- Born: 12 August 1986 (age 40)
- Education: LL.B LL.M
- Alma mater: University of Abuja
- Occupation: Lawyer
- Known for: Advocacy

= Pelumi Olajengbesi =

Nigerian lawyer and rights activist

Pelumi Jacob Olajengbesi is an Abuja-based Nigerian lawyer and columnist. He is the current Convener of the Coalition of Public Interests Lawyers and Advocates (COPA) in Nigeria and also a Senior Partner at an Abuja-based law firm, Law Corridor.

==Early life==
Born in Zaria, Kaduna State, Olajengbesi attended Manuwa Memorial Grammar School Iju Odo, and Holy Flocks of Christ Secondary School, Ondo State. He proceeded to College of Education in Ikere, Ekiti State where he earned National Certificate in Education before proceeding to the University of Abuja where he obtained a Bachelor's Degree in Law and served as the President of the Student Union Government. In 2016, he was called to the Nigerian Bar as a Barrister and Solicitor of the Supreme Court of the Federal Republic of Nigeria after completing his law school program in the Lagos Law School Campus, Nigeria. He co-founded LAW Corridor in 2017, where he continues his legal practice with focus on Public Interests law.

==Career==
Olajengbesi began his legal career under the mentorship of renowned lawyer, Dr. Kayode Ajulo of Kayode Ajulo Castle of Law. In 2016, he founded a private practice, Pelumi Olajengbesi & Co., and later Co-founder Law Corridor and sits on the board and trusteeship of several civil society organizations. In 2018, he contested to represent Oriade/Obokun Federal Constituency at the House of Representatives under the Peoples' Democratic Party (PDP) before stepping down for the party's consensus candidate. He was also the candidate of the party at the State House of Assembly and remained active in the political scene as a public commentator and columnist. He is currently the Accord Party Candidate for Oriade/Obokun Federal constituency for 2027 House of Representatives election.

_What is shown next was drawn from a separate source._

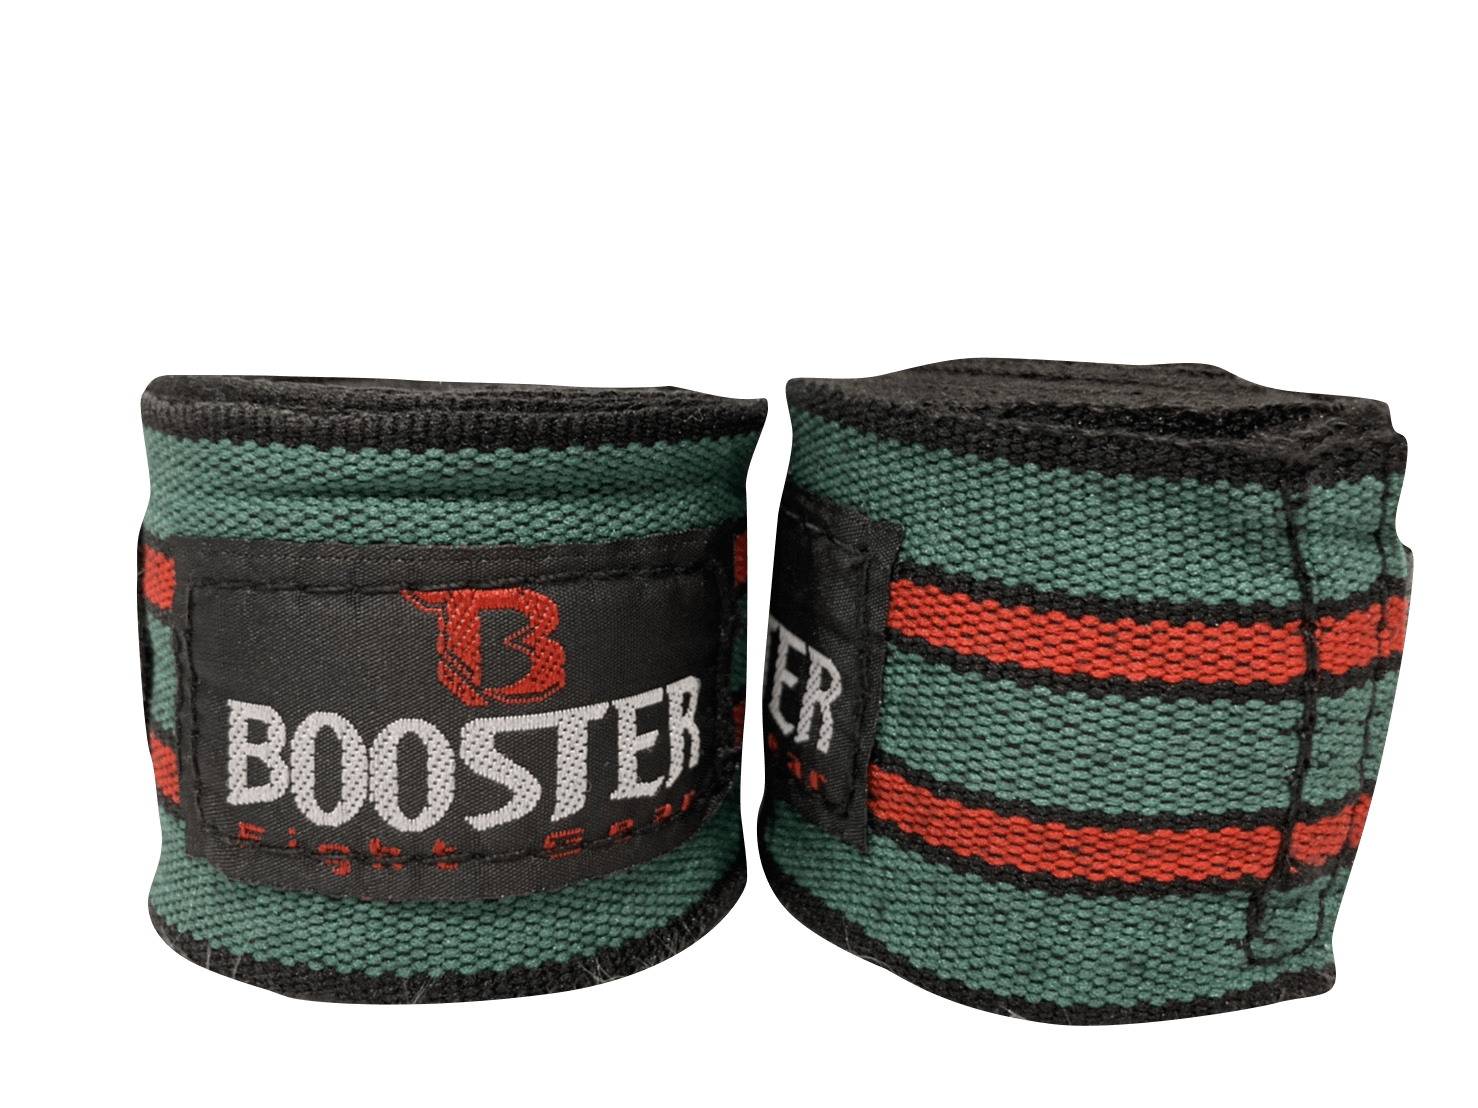 Booster Handwraps BPC Army Green Red 4.6M

Pelumi Olajengbesi is known as a human rights activist. In 2021, he was counsel to the Yoruba Nation Activists and its Leader Chief Sunday Adeyemo (Sunday Igboho) against the Nigeria Department of State Services and secured the release of all activists arrested and detained by the Federal Government of Nigeria on their trial for terrorism. He also involved in several right issues including gender based violence and loan shark debts.